Most solar heating system manufacturers provide the pump, the controller, and the panels as a packaged system which can be installed by most plumbing contractors. The cost for these systems are between four to six thousand dollars, with a payback for a family of four around ten years. The solar heaters themselves are extremely durable, and most manufacturers will warranty them for 15 to 20 years. These systems can also be installed as pool heaters.

Solar heating harnesses the power of the sun to provide solar thermal energy for solar hot water, solar space heating, and solar pool heaters. A solar heating system saves energy, reduces utility costs, and produces clean energy.

The efficiency and reliability of solar heating systems have increased dramatically, making them attractive options in the home or business. But there is still room for improvement. The U.S. Department of Energy (DOE) and its partners are working to design even more cost-effective solar heating systems and to improve the durability of materials used in those systems. This research is helping make these systems more accessible to the average consumer and helping individuals reduce their utility bills and the nation reduce its consumption of fossil fuels.
To help more Americans benefit from these systems, the U.S. Energy Policy Act implemented a 30% tax credit for consumers who install solar water heating systems. To be eligible for this tax credit, the systems must be certified by the Department of Energy's non-profit partner, the Solar Rating & Certification Corporation (SRCC). Alternatively, residents of Florida and Hawaii can use their state certification programs. http://www1.eere.energy.gov/solar/solar_heating.html

Photovoltaic power systems (PV) have steadily grown in popularity over the years as the price of the photovoltaic panels significantly decreased since their inception. Unfortunately the economic benefit of installed PV systems is typically non-existent in most states without government or utility grants to help with first time costs. Some grants do exist in Maryland for photovoltaic installation, and that information can be found here: http://www.dsireusa.org/. Even considering a substantial grant for the first time cost, such as $1 per watt installed, the economic payback on a system will be in the neighborhood of fifty years. The other engineering examples given in this essay have paybacks of 5-10 years.

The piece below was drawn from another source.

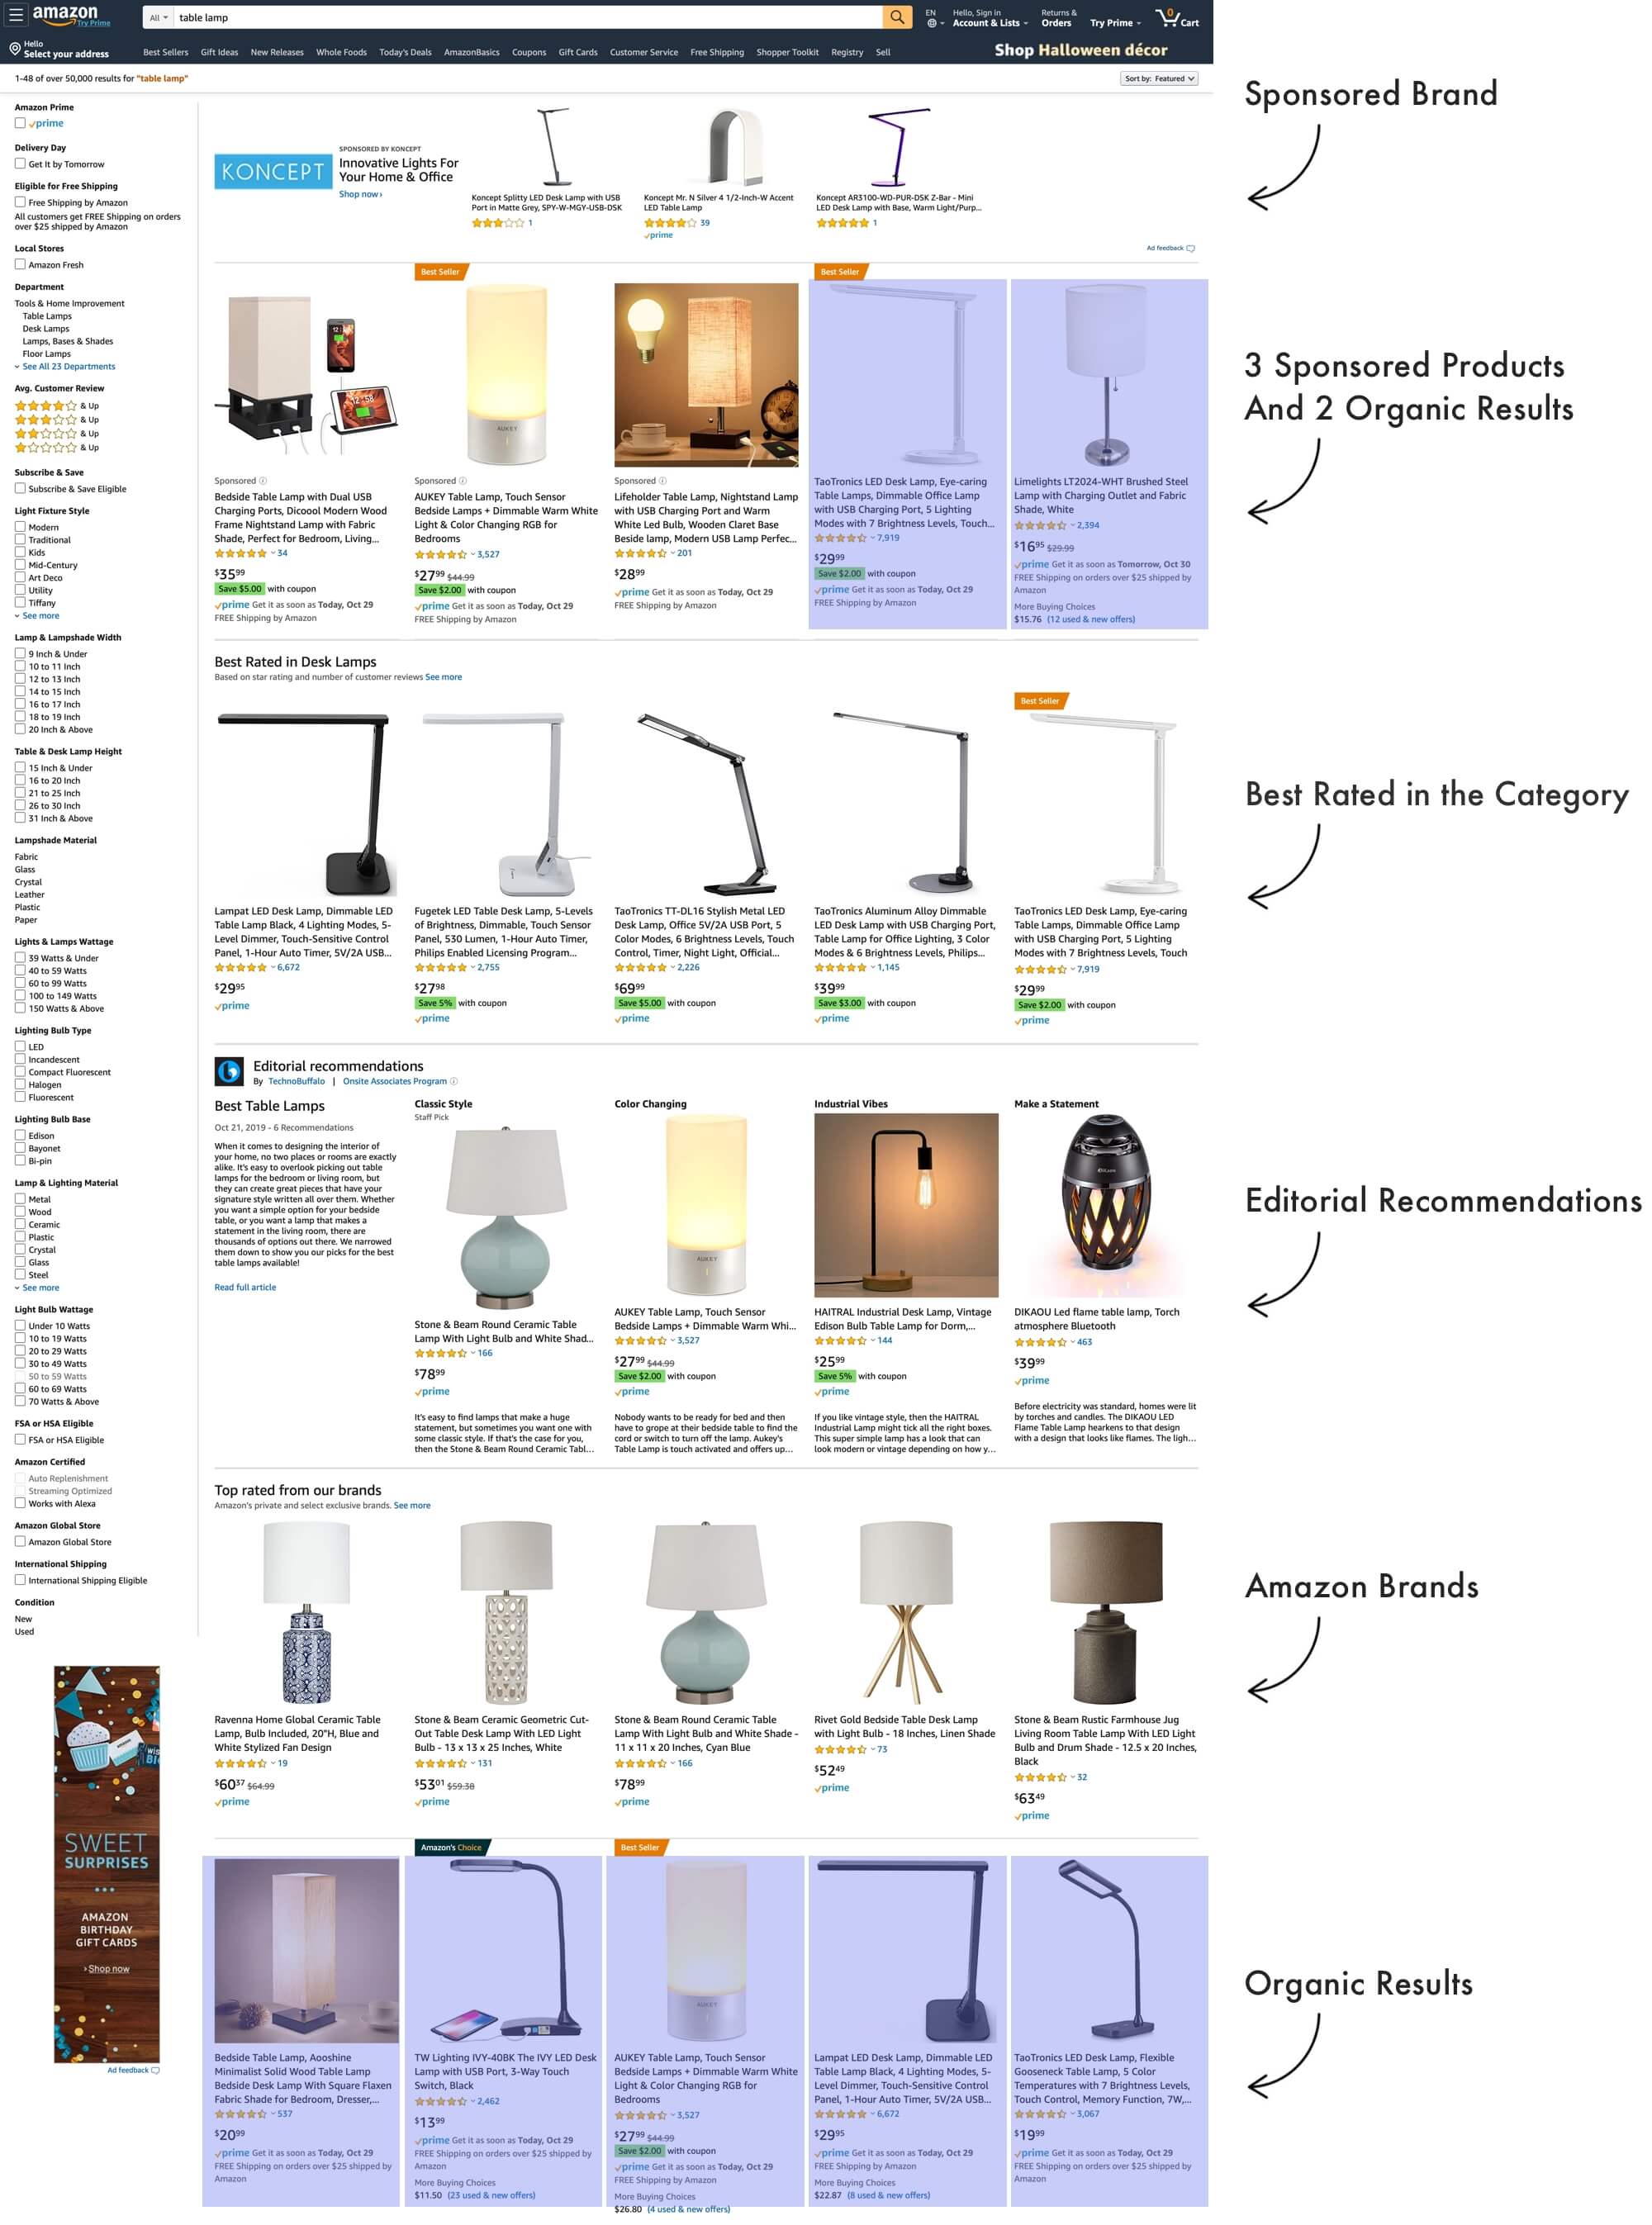 Amazon advertising placement examples

That being said, PV still represents one of the most sustainable engineering technologies available; taking the suns energy and putting it directly to use as electricity. The system is off the grid and has a zero carbon footprint. The reasons for installing the system are clearly not economic, but they are real just the same: to lower CO2 emissions, as a demonstration project, to encourage further development, therefore, further economic justification, or as a way to get “off the grid” in far flung places. We see more and more photovoltaic installations in the United States despite the high costs (usually $7-$8 per watt installed), even in the dense urban setting of Philadelphia where I do business. The demand remains very real, which is encouraging.

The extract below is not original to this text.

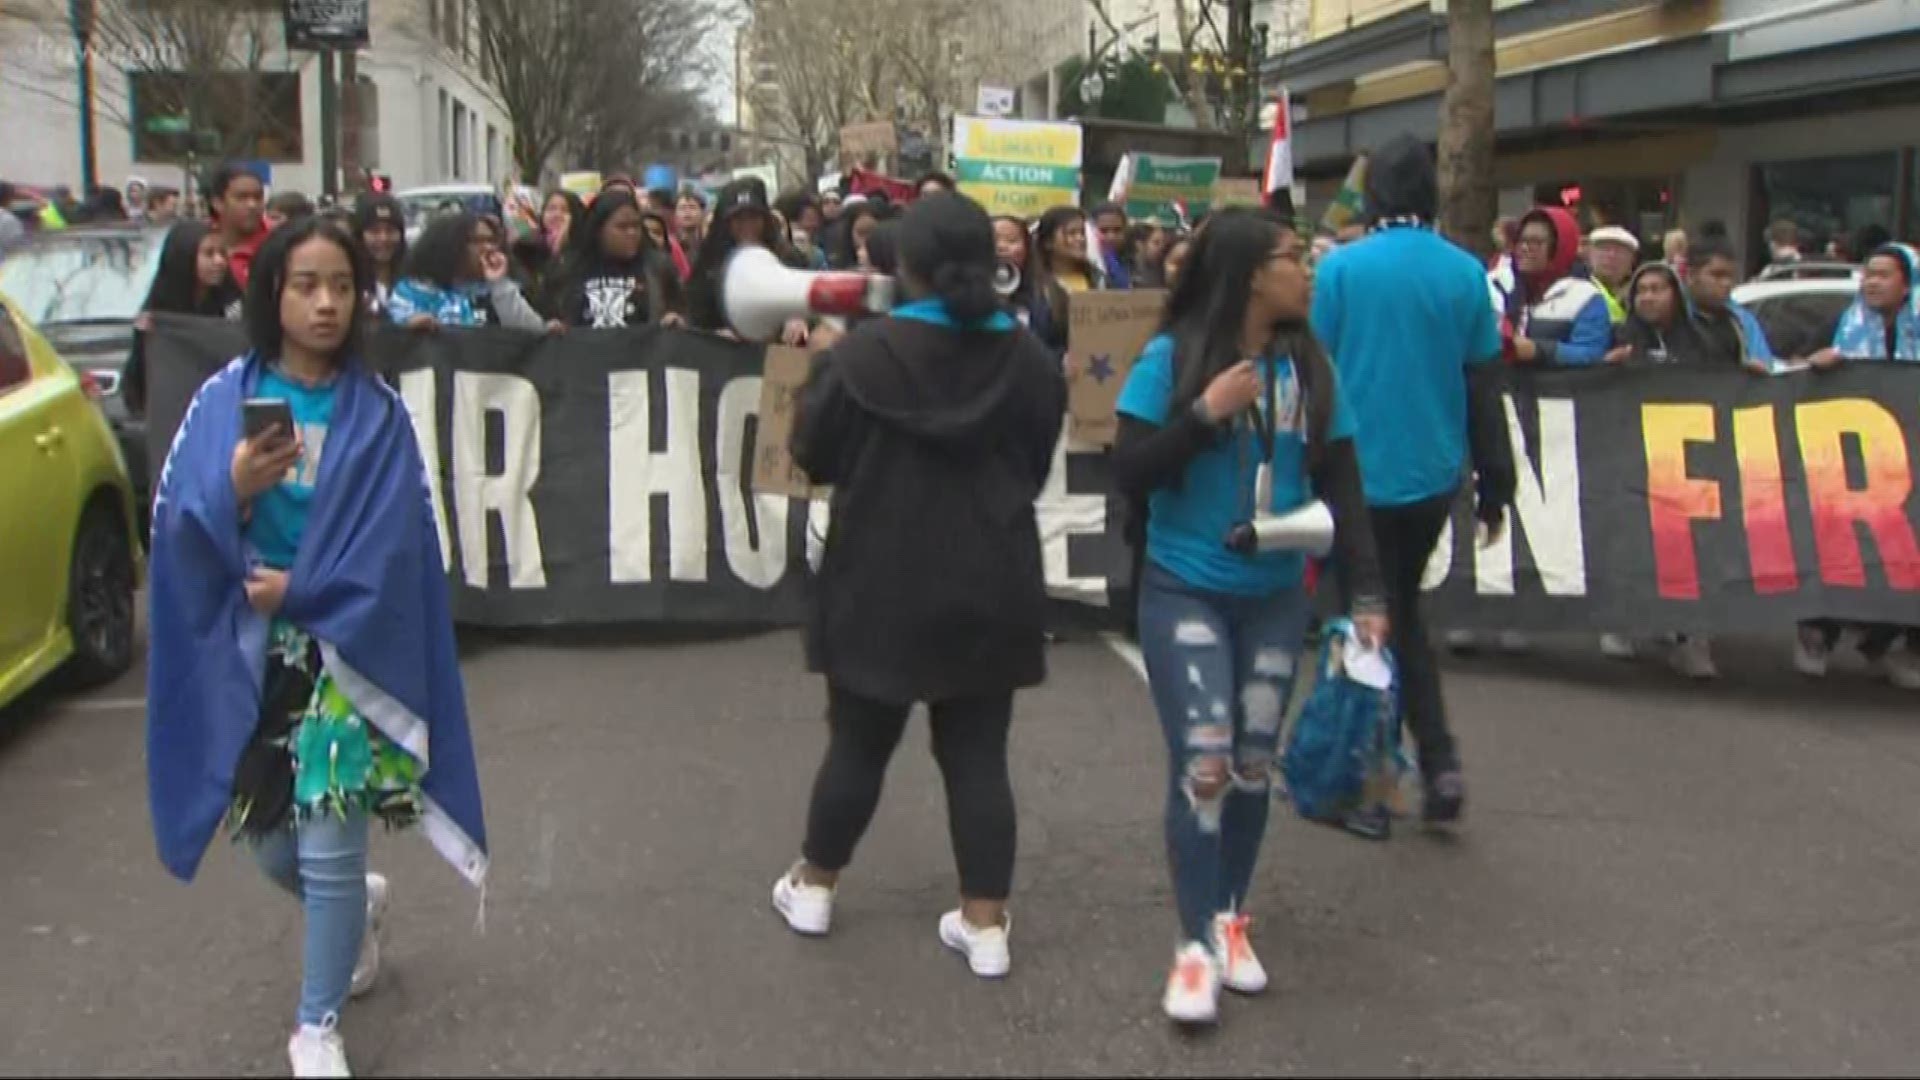 Hundreds of students and supporters marched through the streets of downtown Portland calling for climate justice.

Below is a diagram of how the typical residential photovoltaic system looks:

The solar modules convert the suns energy into DC power. This DC power is run through an inverter to covert it to AC power, the kind used in your home. The inverter feeds a spare breaker in the electrical panel where other connected loads can draw the energy provided from the sun. The panel remains connected to the utility grid through a utility meter the same way as a typical home, which feeds electricity to the panel when the solar modules are not producing enough energy. On days where the solar modules produce more energy than the home is consuming, this electricity is transferred “backwards” through the meter and feeds into the grid. If you were standing in front of a meter as this was happening, you would see the numbers on the meter counting down instead of up, lowering your electric bill by decreasing your KWh used.

As you can see the effects of this installation are very real and easily observed. As the cost of the installation decreases, as is clearly the trend, and the economic benefit becomes more real, we will see a proliferation of these installations not only in higher education and forward thinking private businesses, but on residential rooftops throughout the country.